LONDON - Britain has revoked the citizenship of a dual national Muslim convert to the Islamic State group dubbed "Jihadi Jack" being held in northern Syria, according to reports on Sunday.
The move targeting Jack Letts, 24, who was a dual UK-Canadian national, has prompted a diplomatic row with Ottawa, Britain's Mail on Sunday reported.
Former prime minister Theresa May approved the decision -- which had been made by then-interior minister Sajid Javid -- in one of her last actions before leaving office in early July, the newspaper said.
A spokesperson for Britain's interior ministry declined to confirm the report, noting it does not routinely comment on individual cases.
"Decisions on depriving a dual national of citizenship are based on substantial advice from officials, lawyers and the intelligence agencies and all available information," the spokesperson said.
"This power is one way we can counter the terrorist threat posed by some of the most dangerous individuals and keep our country safe."
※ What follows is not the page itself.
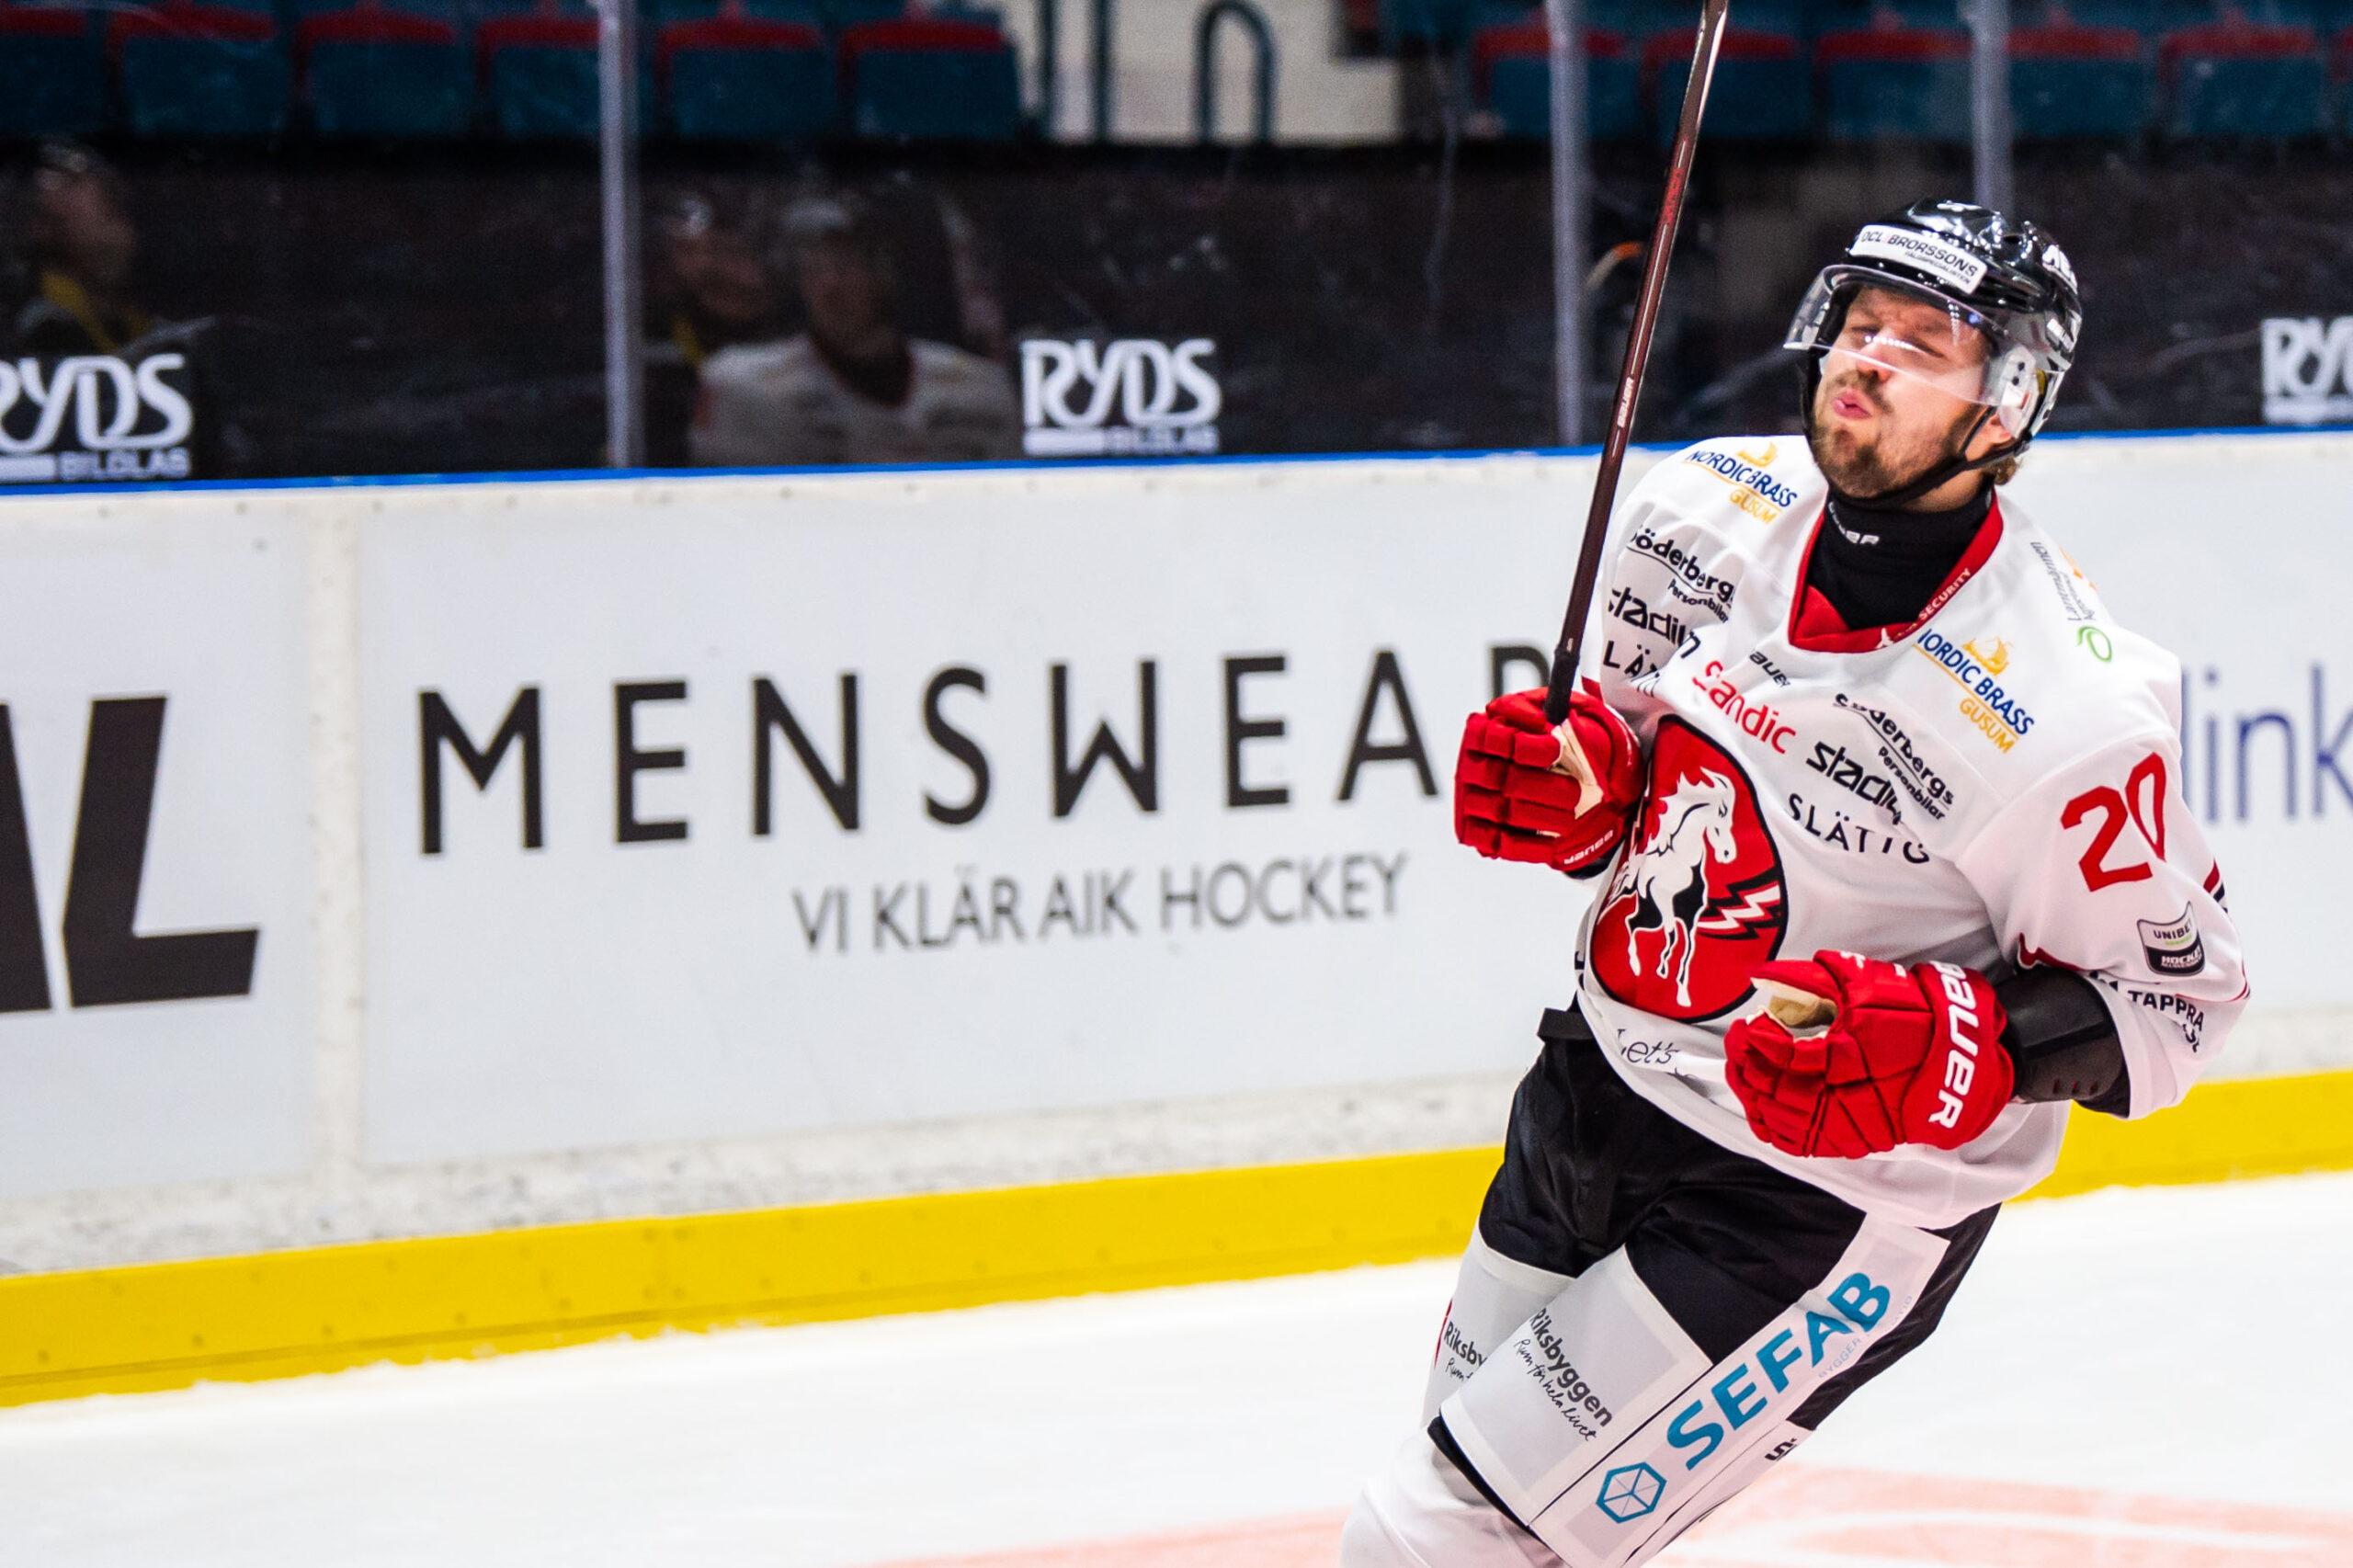 Eriksson lämnar Vita Hästen

Letts was captured by Kurdish forces in Syria and is languishing in jail there, despite saying in a media interview earlier this year he would like to return to Britain.
"I'm not innocent," he told ITV News. "I deserve what comes to me. But I just want it to be... appropriate... not just haphazard, freestyle punishment in Syria."
Letts converted to Islam at the age of 16 and fled his home in Oxfordshire, central England, two years later to join IS.
His Canadian father and British mother were convicted in a UK court in June of funding terrorism by sending him a small amount of money during his time in Syria, but were spared jail.
The Mail on Sunday said revoking Letts citizenship had "sparked fury" in Ottawa, which believes he has little connection to the country.
The newspaper added there were fears the spat could overshadow a meeting between Canadian Prime Minister Justin Trudeau and British leader Boris Johnson at the G7 summit in France next weekend.
The decision is the latest instance of Britain revoking the citizenship of its nationals who went to join the Islamic State group's self-proclaimed caliphate.
In February it faced criticism after stripping Shamima Begum, a teenager who traveled to Syria to marry an IS fighter, of her British citizenship.